I am developing a new framework for diagnosing machine learning algorithms. The methodology allows one to better understand what a machine learned about a particular domain.
A classic problem in computer vision, called multiple view geometry, is to recover the three-dimensional structure of a scene given several images taken from different vantage points. Working primarily with
Wojciech Chojnacki, I am studying various compelling unsolved problems. What makes multiple view geometry so challenging is that the underlying projective models lead to non-linear errors-in-variables parameter estimation problems. Hence Wojciech and I find ourselves working at the interface of various disciplines such as numerical analysis, projective geometry, statistics and computer science.
We are particularly interested in:
devising new parameter estimation techniques which result in estimates with desirable properties (e.g. unbiased and consistent);
devising new unconstrained optimisation methods which are simpler to implement and faster than established schemes such as Levenberg–Marquardt;
deriving and imposing constraints associated with various mathematical models in multiple view geometry;
creating new constrained optimisation methods which naturally and reliably enforce constraints.
Hence our research endeavours can be characterised as both theoretical and practical.

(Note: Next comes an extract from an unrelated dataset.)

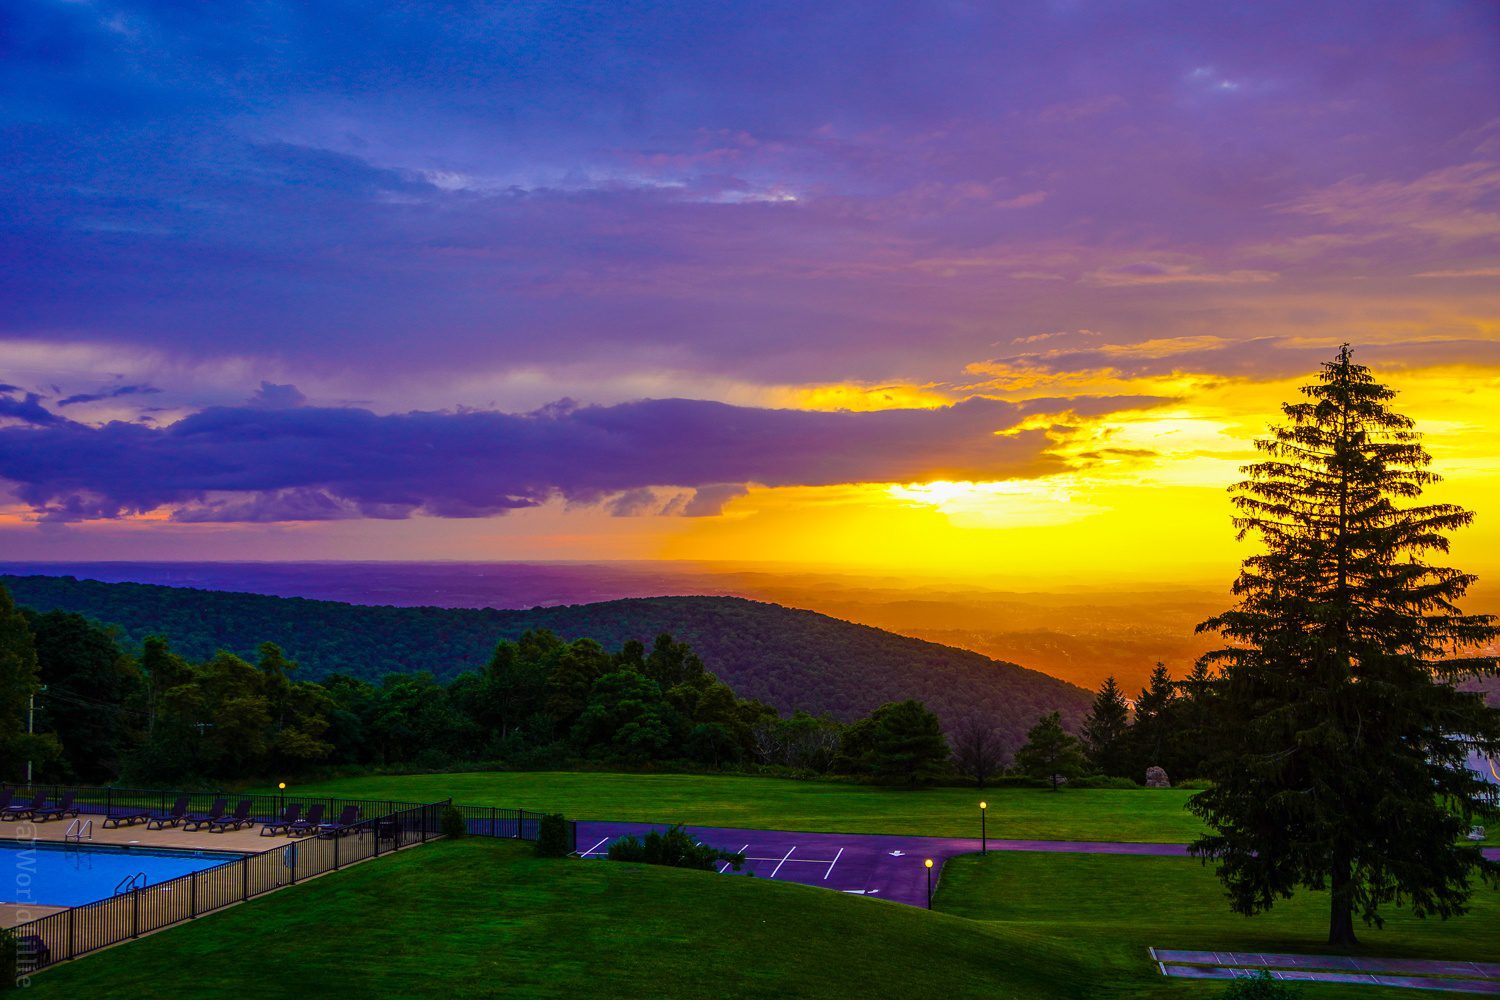 Sunset view from the Historic Summit Inn.

Like the circle, the ellipse is one of those primitive geometric shapes that crops up time and time again in many different scenarios. Whether we are tracking an object, calibrating a catadioptric camera or studying cells and crystals, we are bound to end up having to fit an ellipse sooner or later. Surprisingly, fitting an ellipse is actually a hard problem, and much can be learned about more complicated parameter estimation problems in multiple view geometry by studying ellipse fitting.

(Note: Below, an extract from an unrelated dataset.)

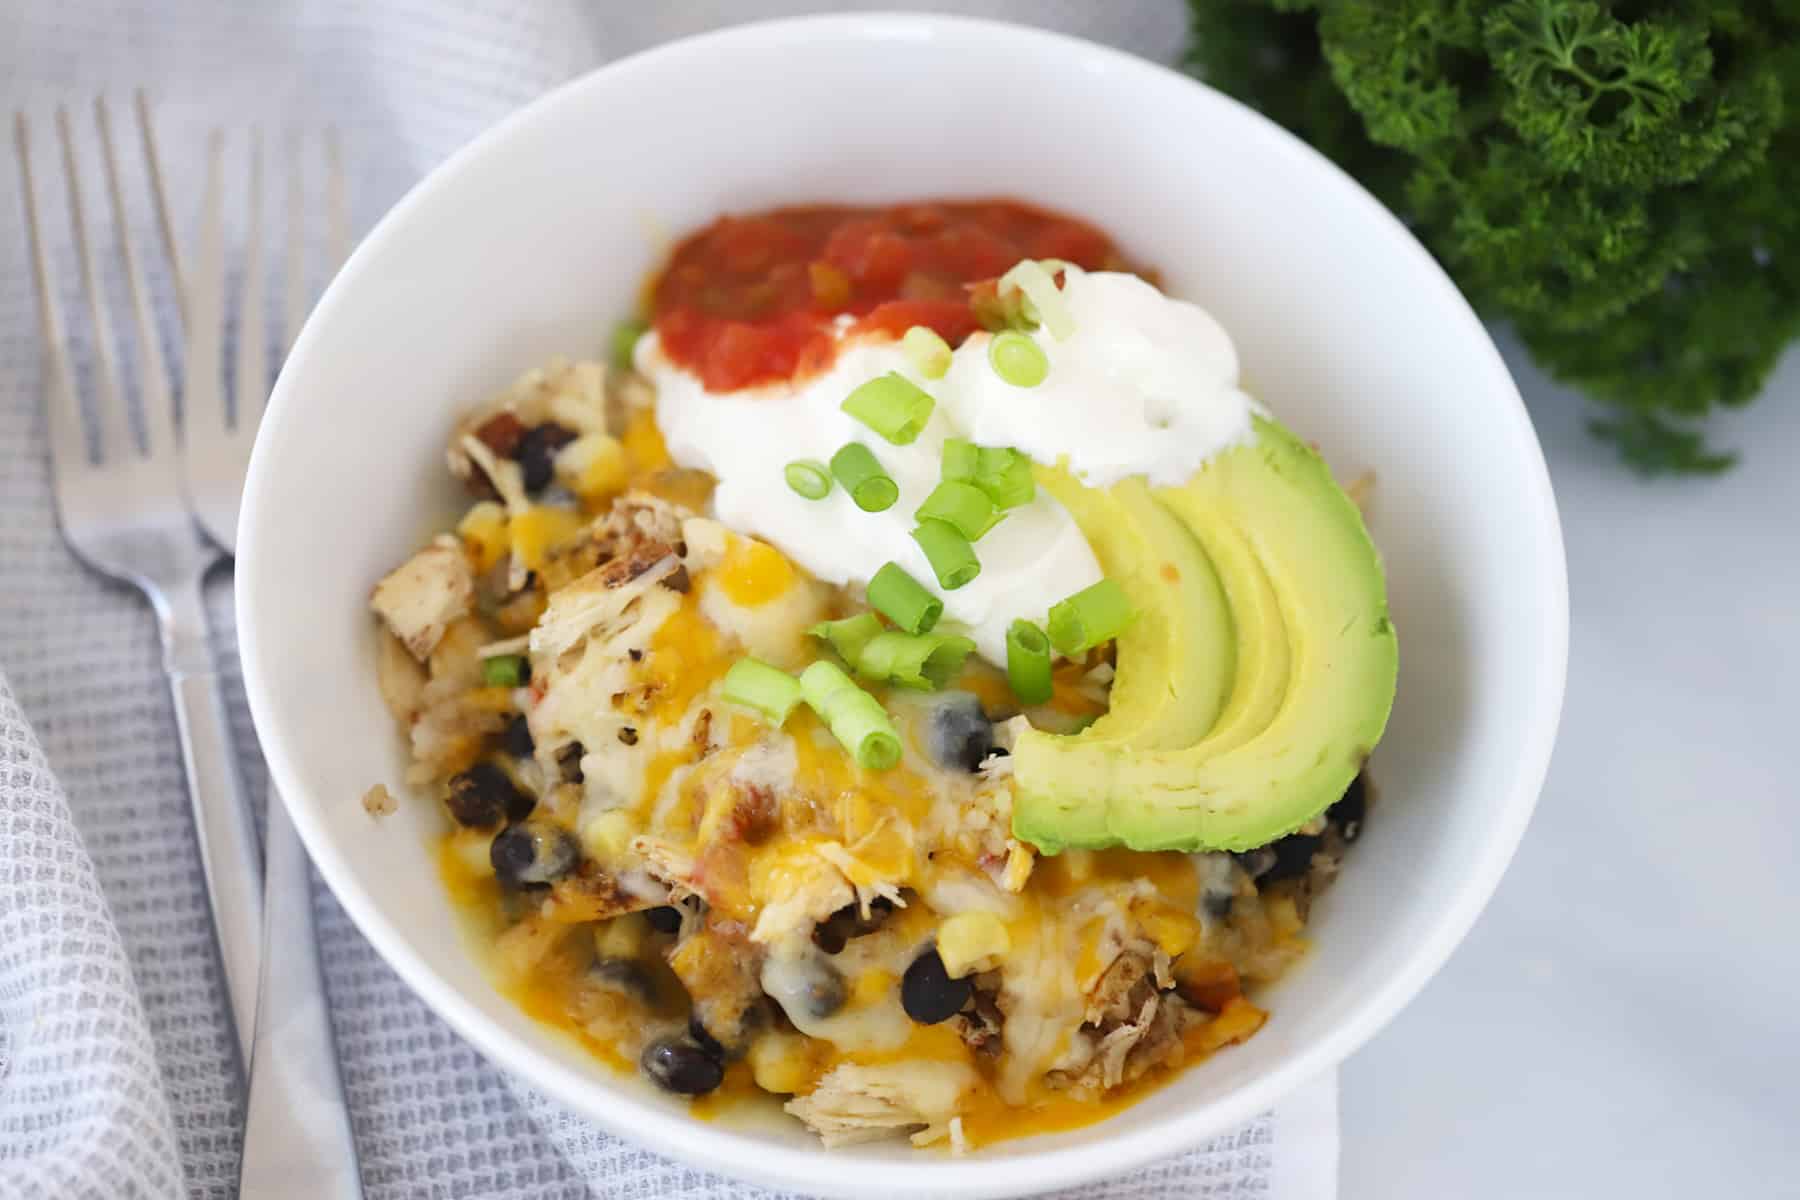 A burrito bowl filled with chicken, beans, rice and cheese, topped with sour cream, salsa, avocado and onions.

At the limits of camera resolution, objects are blurred, tiny, and almost unrecognisable. To extract relevant knowledge from such limited data, one needs to have some weak prior information about the nature of the object under observation, and a comprehensive mathematical model of the image formation process. The canonical mathematical models of the image formation process make numerous simplifying assumptions which are inadequate when one needs to work at the limit of the sensor resolution. For example, the standard image formation model does not take diffraction and other sources of image blur into account.

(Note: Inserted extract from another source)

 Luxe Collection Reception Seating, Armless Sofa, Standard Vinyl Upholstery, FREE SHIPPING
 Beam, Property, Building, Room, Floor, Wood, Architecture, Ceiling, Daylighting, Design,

When working at the limits of sensitivity, one needs to be able to model what happens at the sub-pixel level, and this means that one needs to take the details of the photosensitive area within each pixel into account. Wojciech Chojnacki and I are developing a more sophisticated and tractable mathematical model of the image formation process, which can facilitate precise curve fitting to limited and blurred pixel data. The model incorporates the effects of several elements—the point-spread function, the discretisation step, the quantisation step, and photon noise.